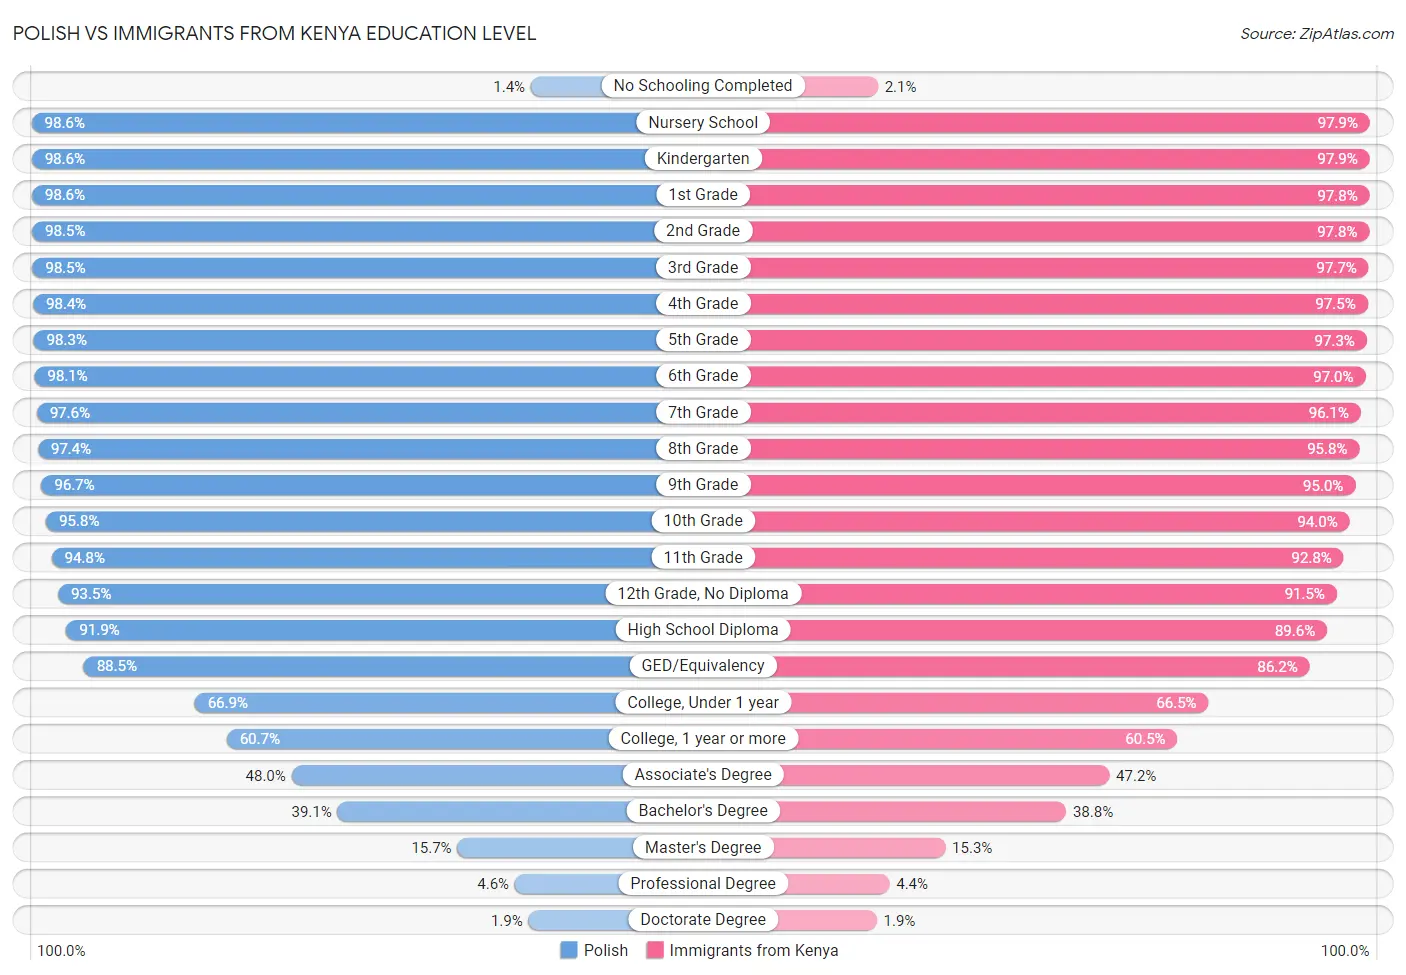 Polish vs Immigrants from Kenya Education Level
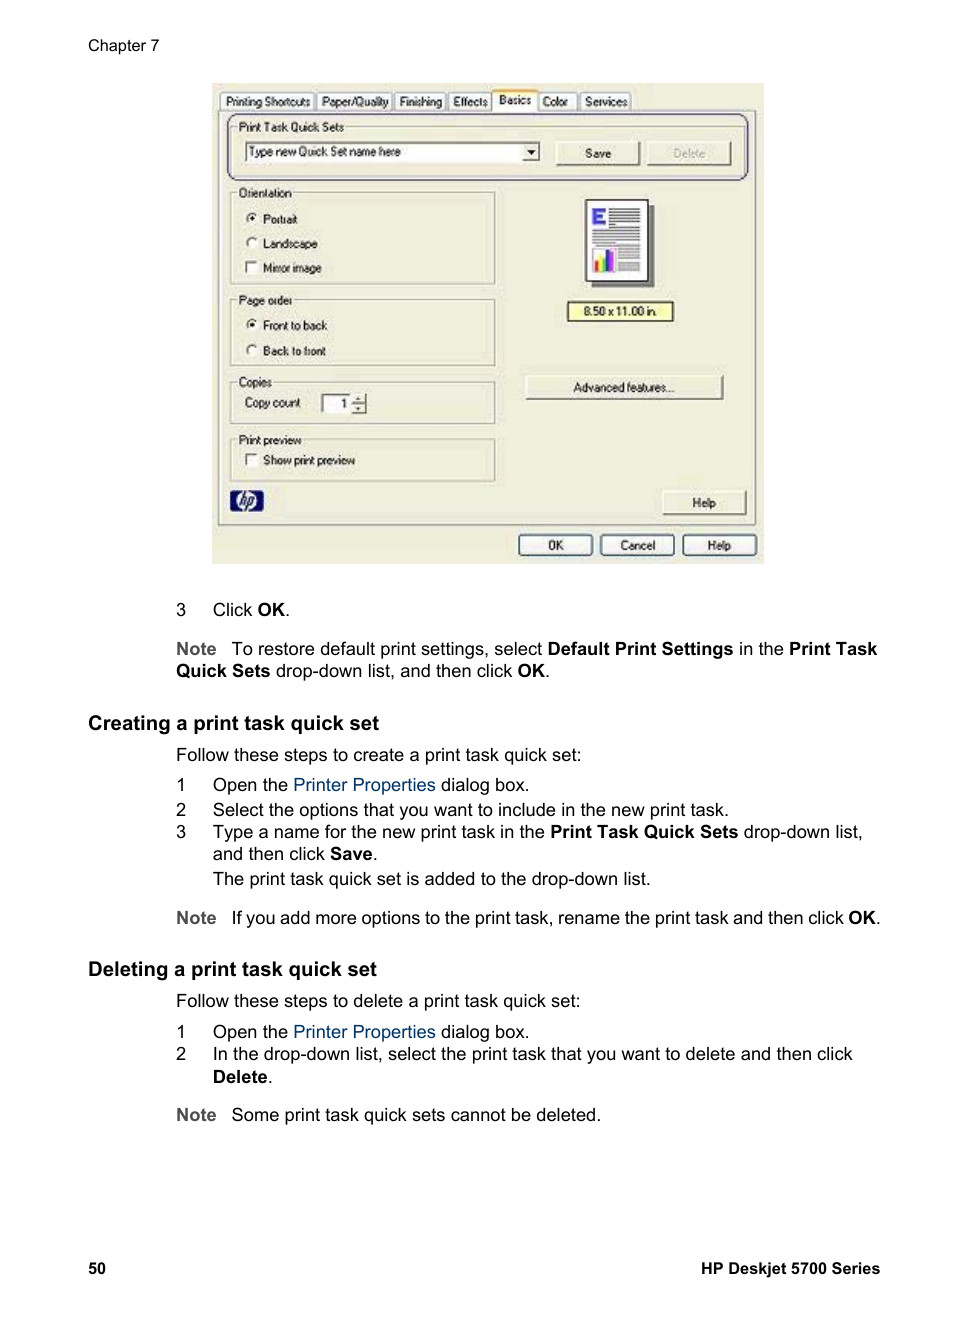 Creating a print task quick set, Deleting a print task quick set | HP
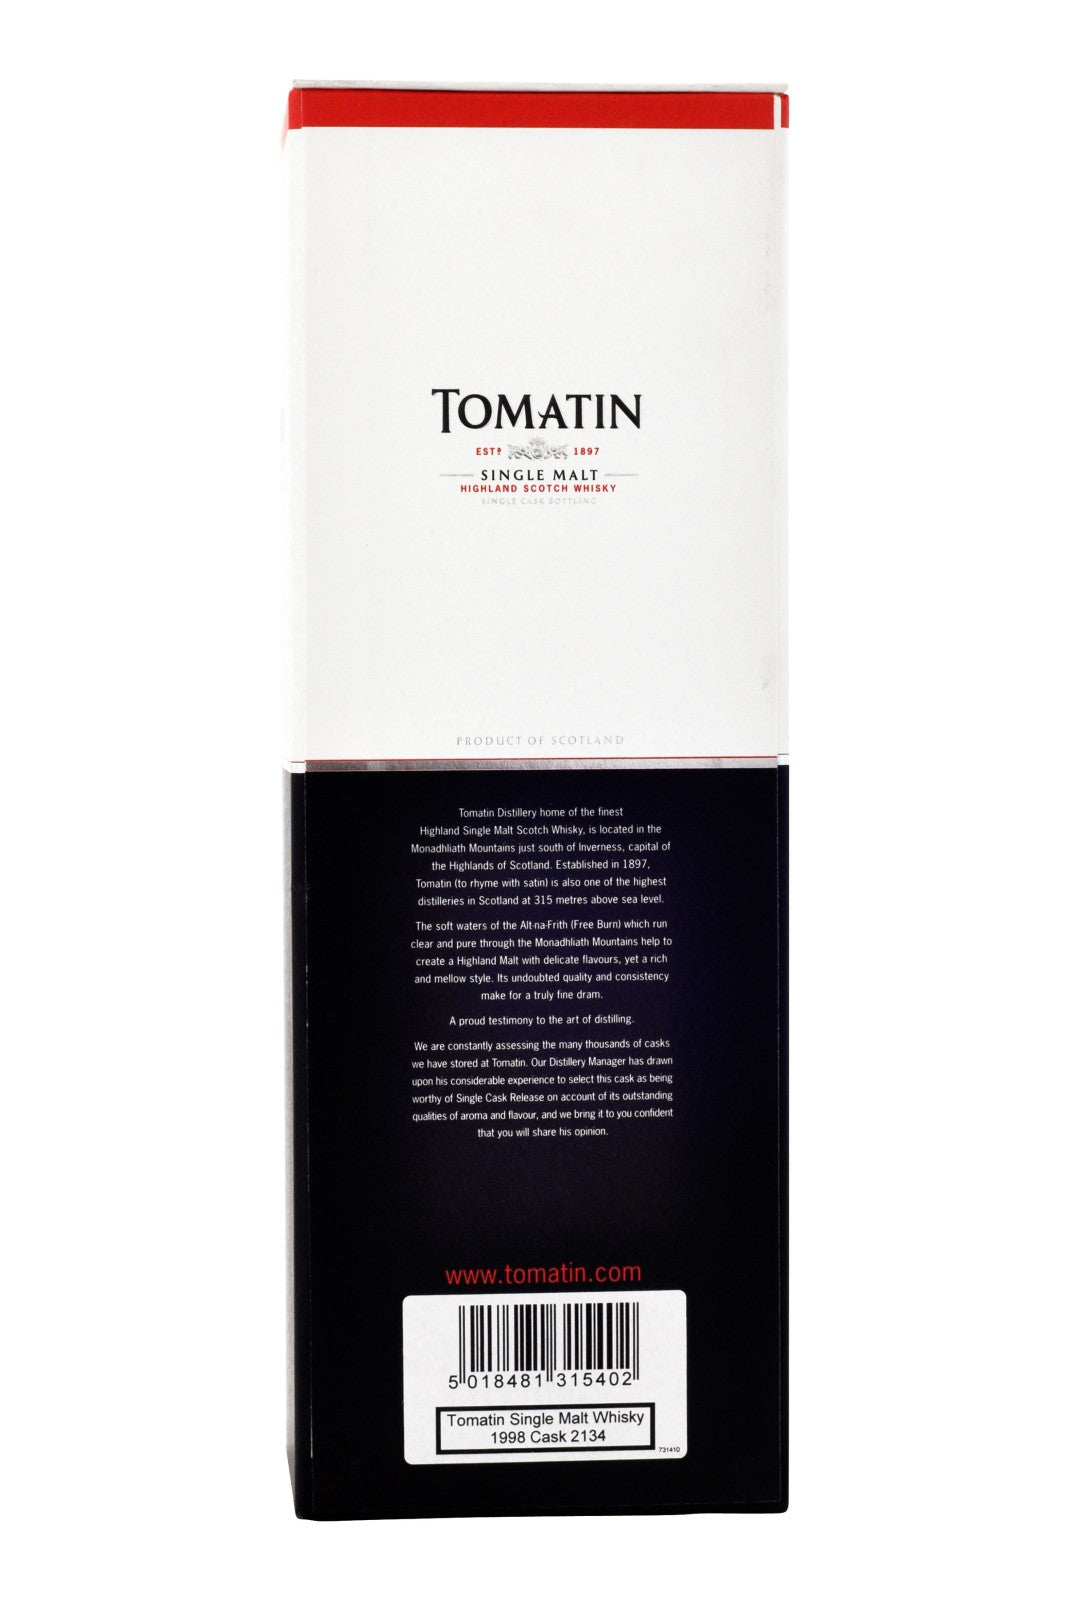 Tomatin 1998 Cask 2134

▶ PROBLEM DETAILS:
Reproduce the listing exactly, but keep its images out of the copy.

▶ SOLUTION TO THIS PROBLEM:
 Polish vs Immigrants from Kenya Education Level
 Creating a print task quick set, Deleting a print task quick set | HP
 Tomatin 1998 Cask 2134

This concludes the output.